# [SOLVED] ethernet does not have a valid ip configuration



## Rocky117

I have wired my Ethernet Cable from my router to my Computer, the Port where i plugged in my ethernet cable on my computer has one Orange light,
and the router has two blinking green lights.

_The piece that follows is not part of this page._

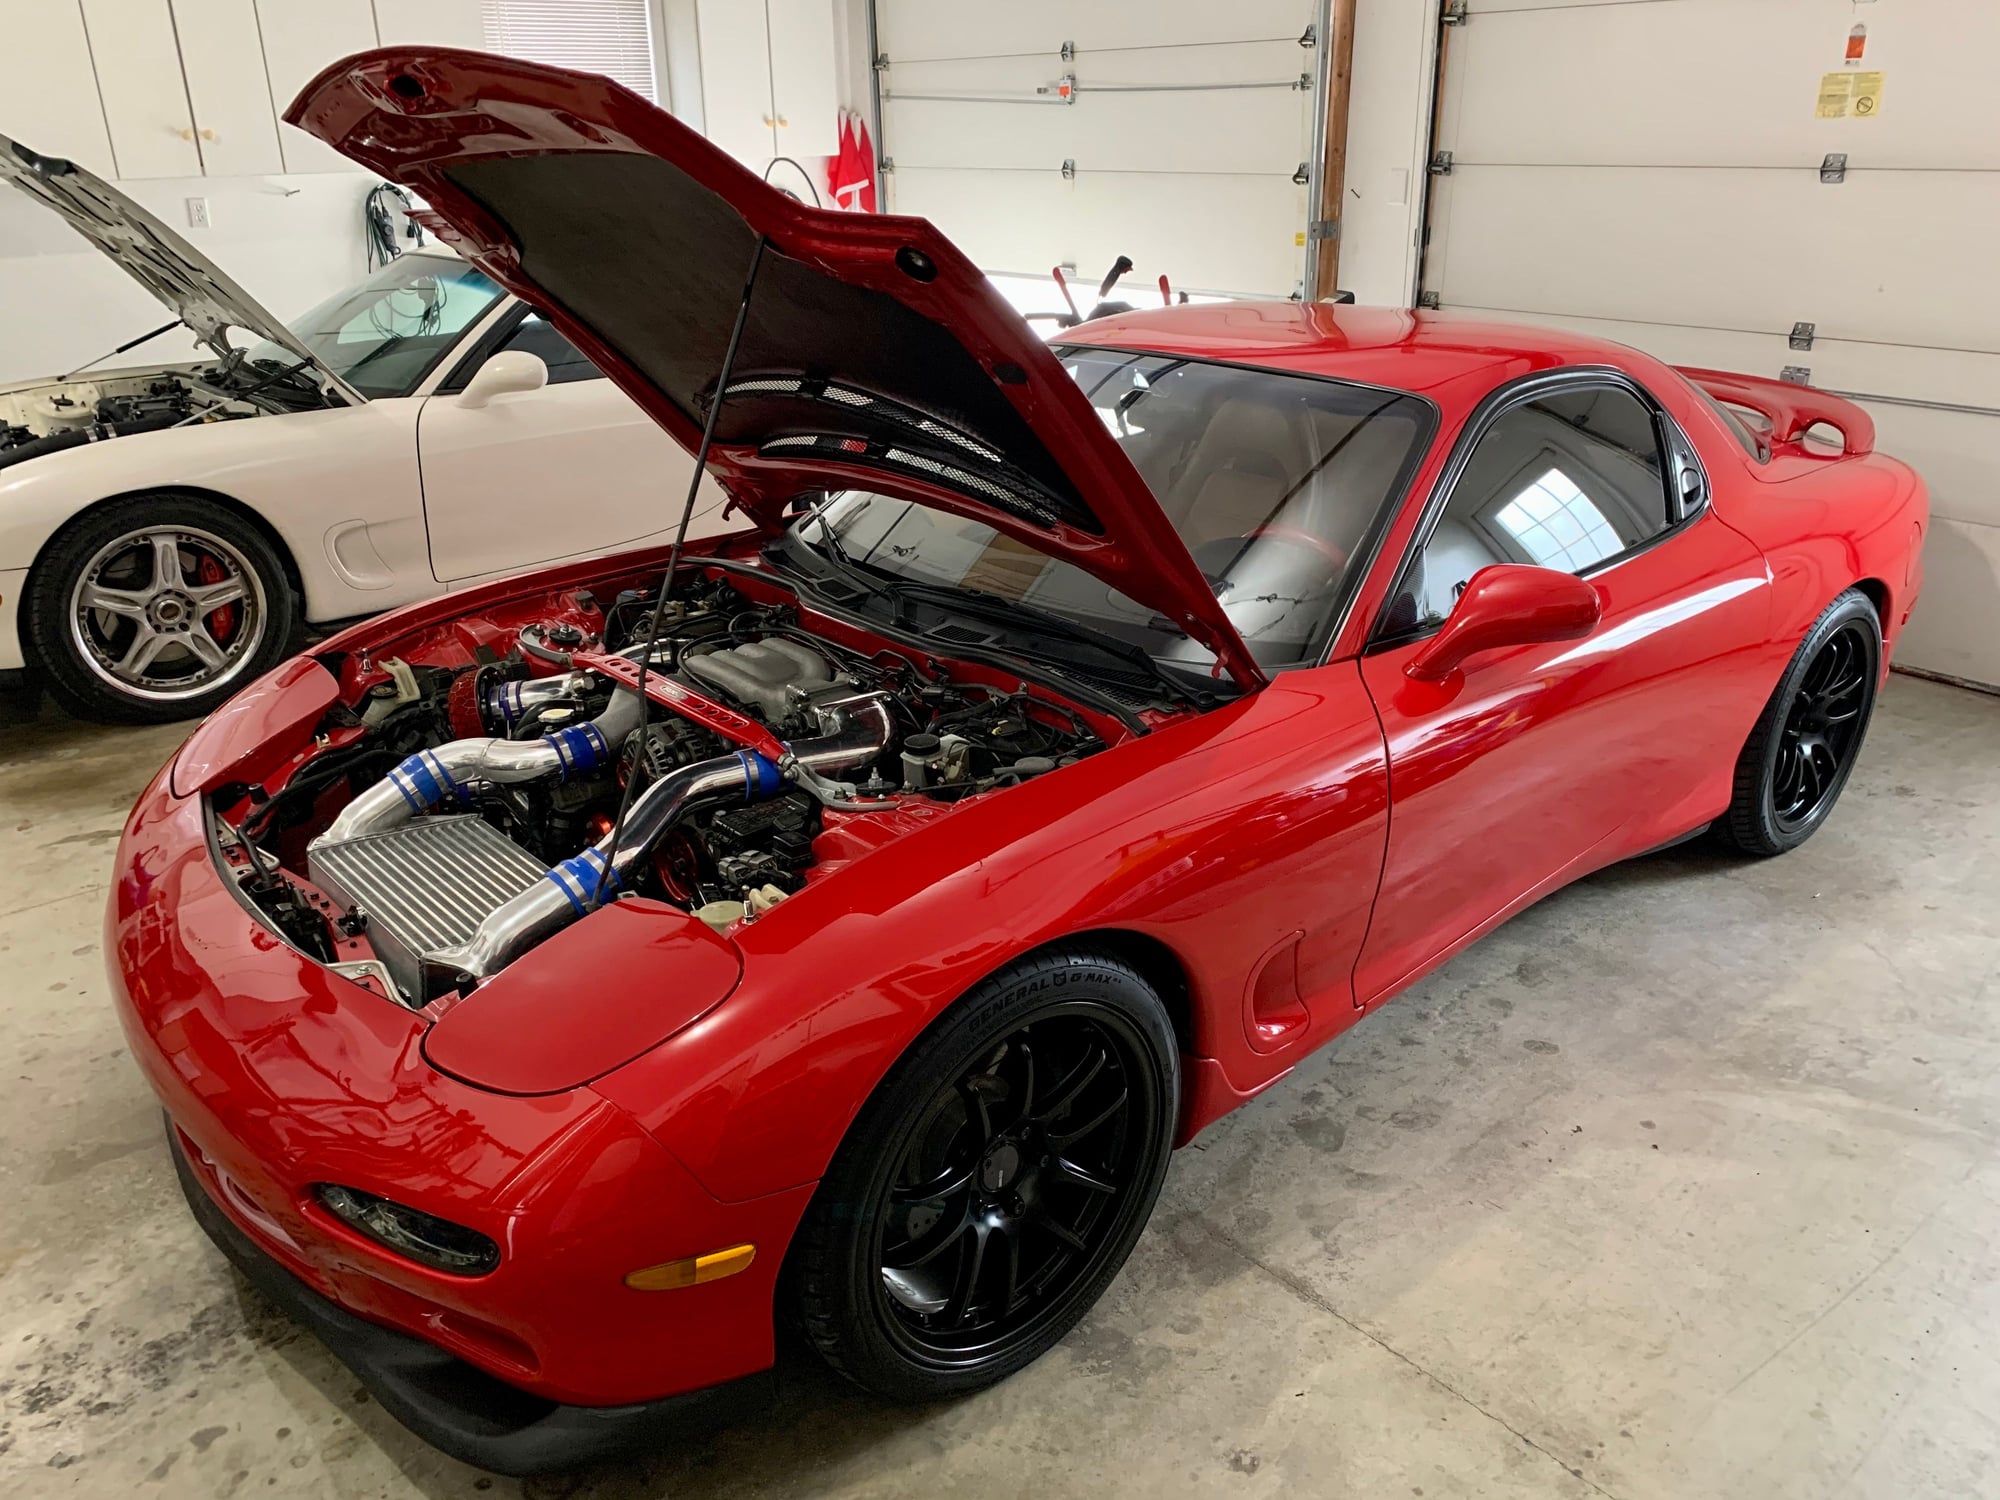 1993 Mazda RX-7 - *** 93 LHD Rx-7 Base w/ Leather, 5 speed, 52k miles, clean history *** - Used - VIN JM1FD3317P0209640 - 52,000 Miles - Other - 2WD - Manual - Coupe - Red - Allentown, PA 18031, United States

It is giving me Unidentifiable Network and only a limited access to the internet
When i diagnose the problem it gives me "ethernet does not have a valid ip configuration"


----------



## Old Rich

*Re: ethernet does not have a valid ip configuration*








and welcome to the Forum


Lets take a peek at your network environment:

First:

Power Cycle everything . . Turn off the Modem, router and all pc's . . turn on the Modem and wait a few minutes for the lights to stabilize . . then turn on the router, then one pc at a time. See if you connect to the internet.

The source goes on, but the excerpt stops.